CATS-Linear: Classification Auxiliary Linear Model for Time Series Forecasting
Zipo Jibao, Yingyi Fu, Xinyang Chen, Guoting Chen
TL;DR
The paper tackles multivariate time series forecasting when different series mappings can be heterogeneous. It introduces Classification Auxiliary Channel-Independence (CACI) to route samples to category-specific predictors and refines DLinear by decoupling seasonal and trend information into TSLinear with complex-domain seasonality and trend decoupling, all trained under an error-supervised scheme with RevIN normalization. Theoretical analysis compares channel designs and derives excess-risk bounds, highlighting CACI’s bias-variance trade-offs and its $O(1)$ parameter scaling with respect to the feature dimension. Empirically, CATS-Linear achieves state-of-the-art performance with fixed hyperparameters across seven benchmarks, offering improved accuracy and efficiency over tuned baselines and standard channel designs. The work demonstrates that tuning-free, architecture-agnostic routing combined with advanced linear decompositions yields robust, scalable forecasting with practical impact for real-world sequence modeling.
Abstract
Recent research demonstrates that linear models achieve forecasting performance competitive with complex architectures, yet methodologies for enhancing linear models remain underexplored. Motivated by the hypothesis that distinct time series instances may follow heterogeneous linear mappings, we propose the Classification Auxiliary Trend-Seasonal Decoupling Linear Model CATS-Linear, employing Classification Auxiliary Channel-Independence (CACI). CACI dynamically routes instances to dedicated predictors via classification, enabling supervised channel design.
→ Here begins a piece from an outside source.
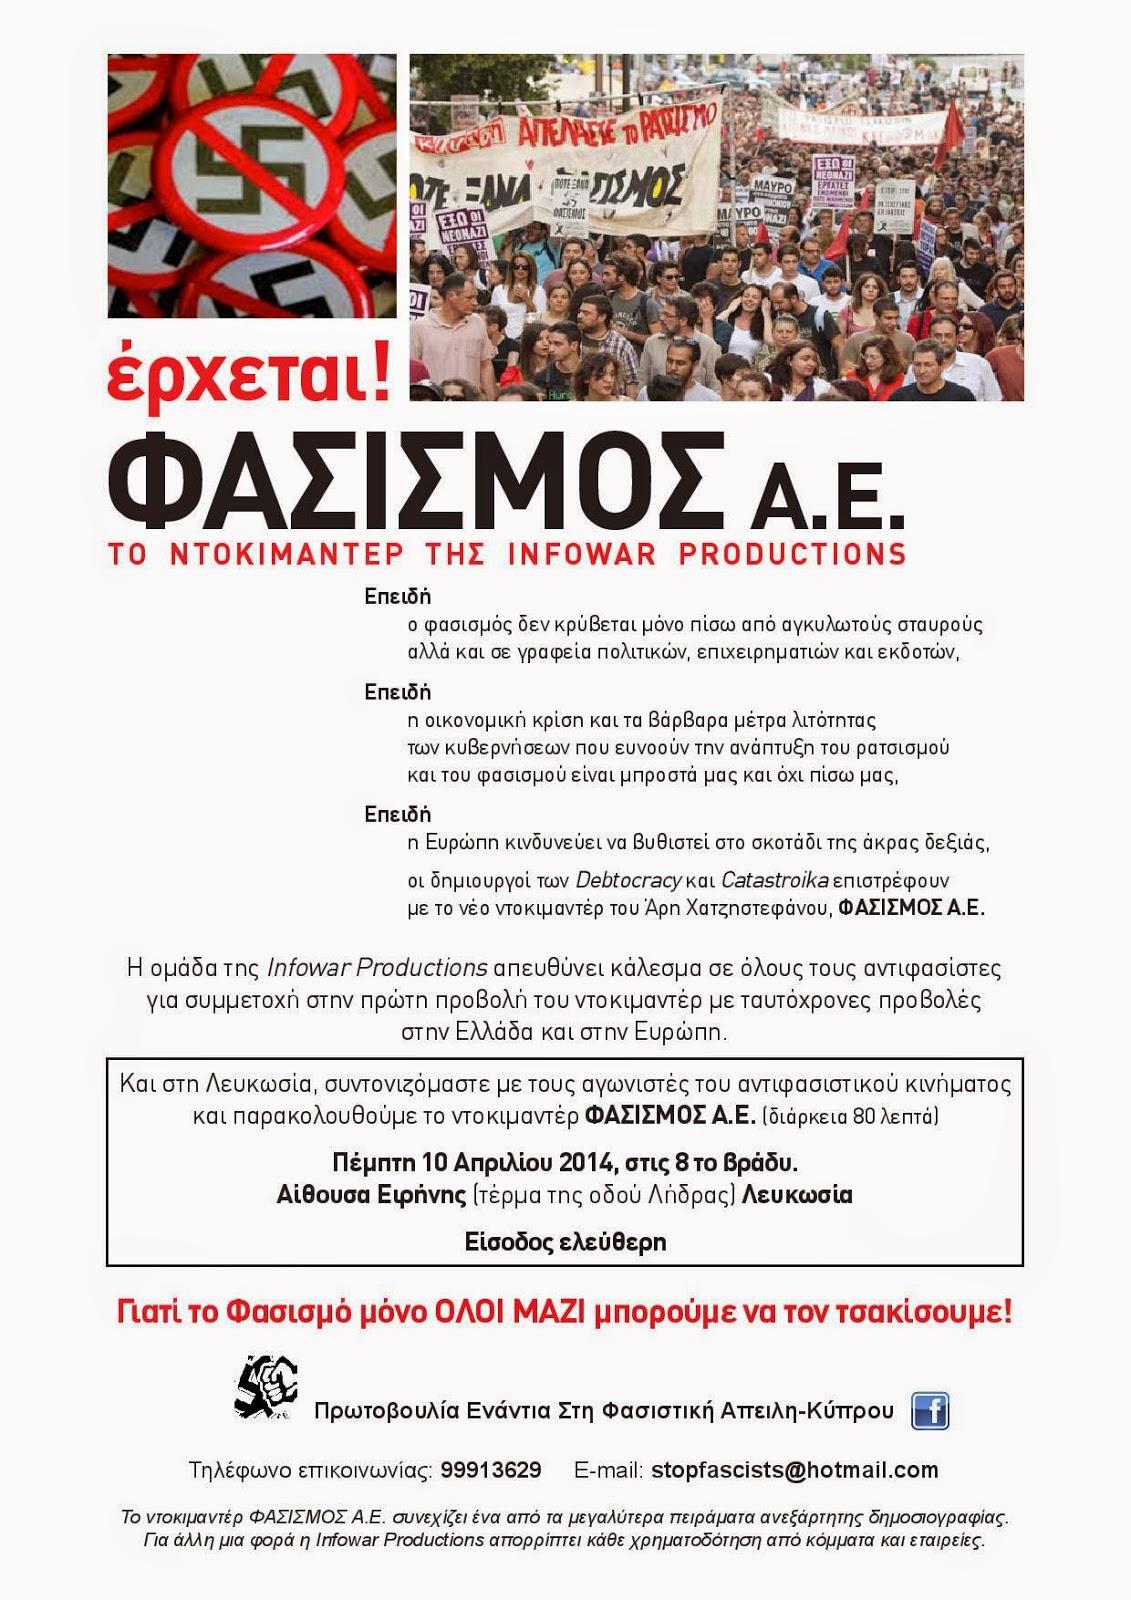 Η Πρωτοβουλία Ενάντια Στη Φασιστική Απειλή-Κύπρου σας προσκαλεί στην προβολή του ντοκιμαντέρ ΦΑΣΙΣΜΟΣ Α.Ε.

We further analyze the theoretical expected risks of different channel settings. Additionally, we redesign the trend-seasonal decomposition architecture by adding a decoupling -- linear mapping -- recoupling framework for trend components and complex-domain linear projections for seasonal components. Extensive experiments validate that CATS-Linear with fixed hyperparameters achieves state-of-the-art accuracy comparable to hyperparameter-tuned baselines while delivering SOTA accuracy against fixed-hyperparameter counterparts.